Novell's Chris Stone at the MySQL Users Conference
An anonymous reader writes "According to the MySQL User's Conference page, Chris Stone of Novell, the guy behind Open Source at Novell who was responsible for the purchase of SUSE and Ximian, will be speaking at the MySQL conference. Perhaps we finally get to see what Novell is planning to do with Linux?" (That conference is taking place in mid-April, in Orlando.)
Maybe offer an Open Source replacement for Active Directory?
I wouldn't hold your breath. Novell is a proprietary company. Notice they didn't purchase Red Hat an open source company, who has adhered strictly to the open source philosophy e.g. not even including mp3 capability with XMMS. Novell purchased Suse, who still keeps Yast nice and proprietary. I see two proprietary companies taking what they can, but to some extent not wanting to share completely with the other children.
NDS has been deprecated for years. E-Directory is the Novell directory now. E-directory uses a DB made by (I think) Brigham young uni for Genealogy research. You are right about MS was _way_ after novells entrance into the market. The real problem with AD is it is a horrible crossbread between a directory and their old domain system and that it isn't particularly standards conforment (surprise!)
Novell purchased Suse, who still keeps Yast nice and proprietary.
1. YAST might be proprietary, but it comes with the source and you can share it as long as you don't charge for it (and you can modify it and share the modifications)... I just say that because many people seem to think that YAST is a traditional closed-source only-available-for-money-from-SuSE type of application.

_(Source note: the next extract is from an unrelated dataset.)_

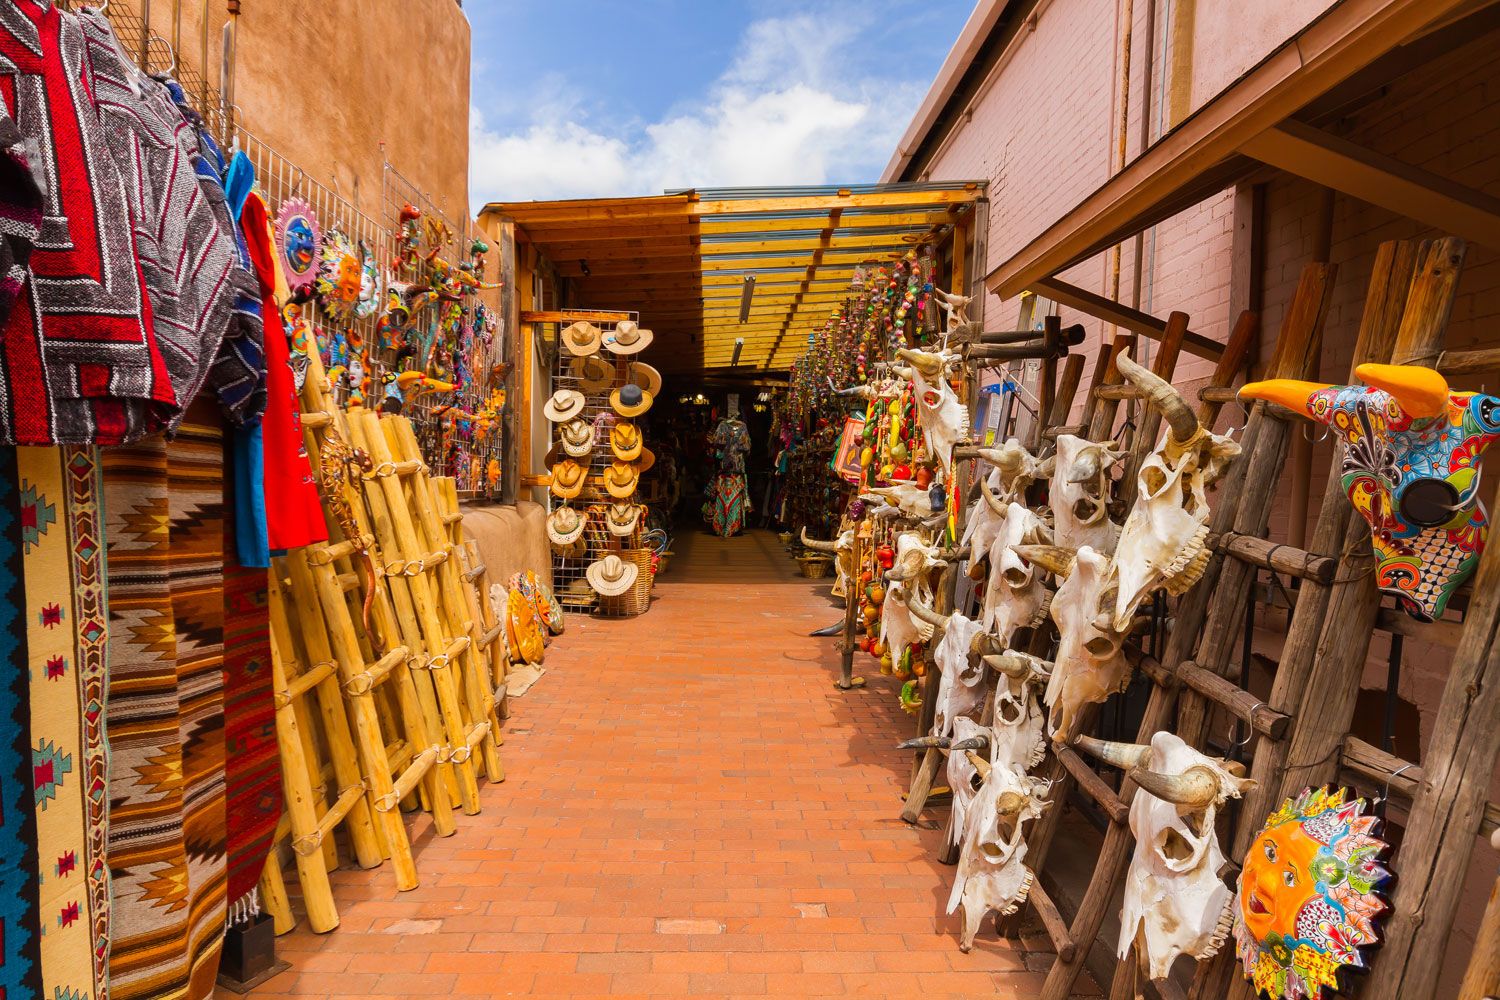 Santa Fe, New Mexico: The City of Turquoise is A Burgeoning Haven For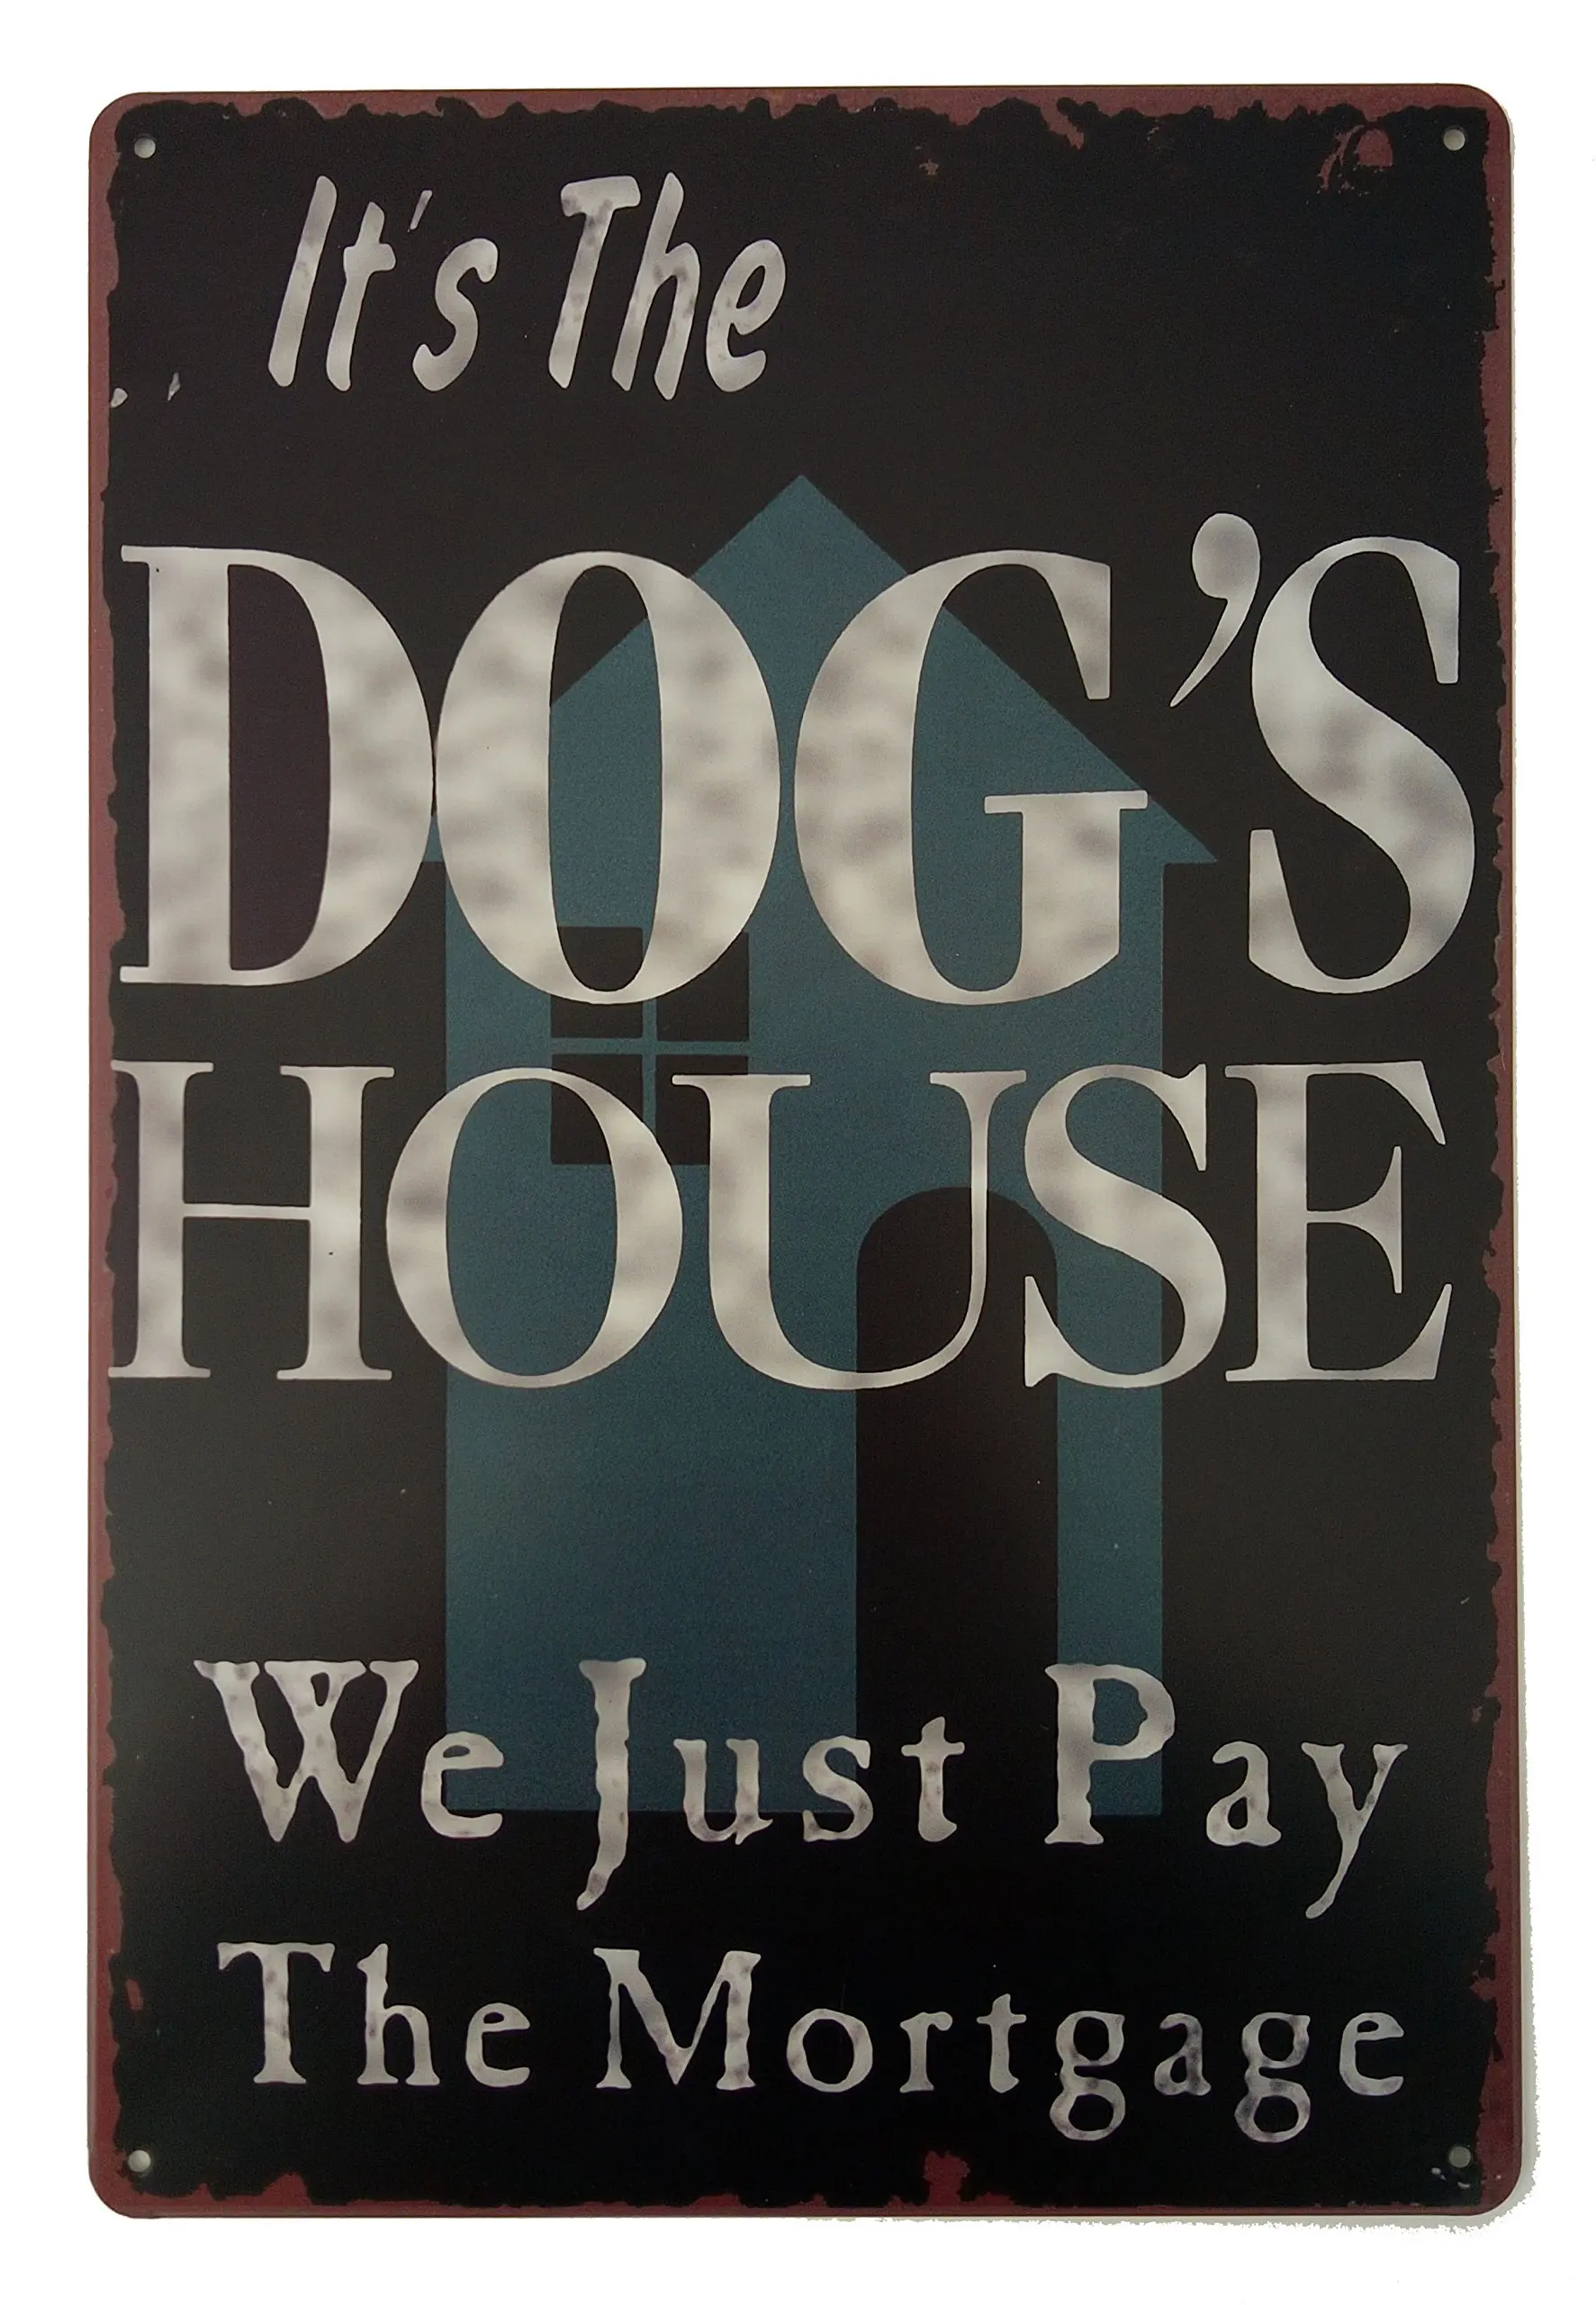 

It's The Dog's House We Just Pay The Mortgage Vintage Tin Sign Wall Decor 20 X 30 cm

2. SuSE keeps a somewhat stricter control (which boils down to: only SuSE is allowed to SELL it, others can only distribute it free of charge) on their setup program for their distribution, since this is the part the are able to differentiate from the other distributions. Apart from that they contribute a lot to different open source projects (Linux kernel, Xfree,KDE...), so calling them a proprietary company is a bit... strange.
3. I think the reason for Novell buying SuSE is more based on opportunities (what company is available to buy) and the technical merit of SuSE. I don't think an evil, proprietary company bought a like-minded other (which seems to be the spin you want to give it).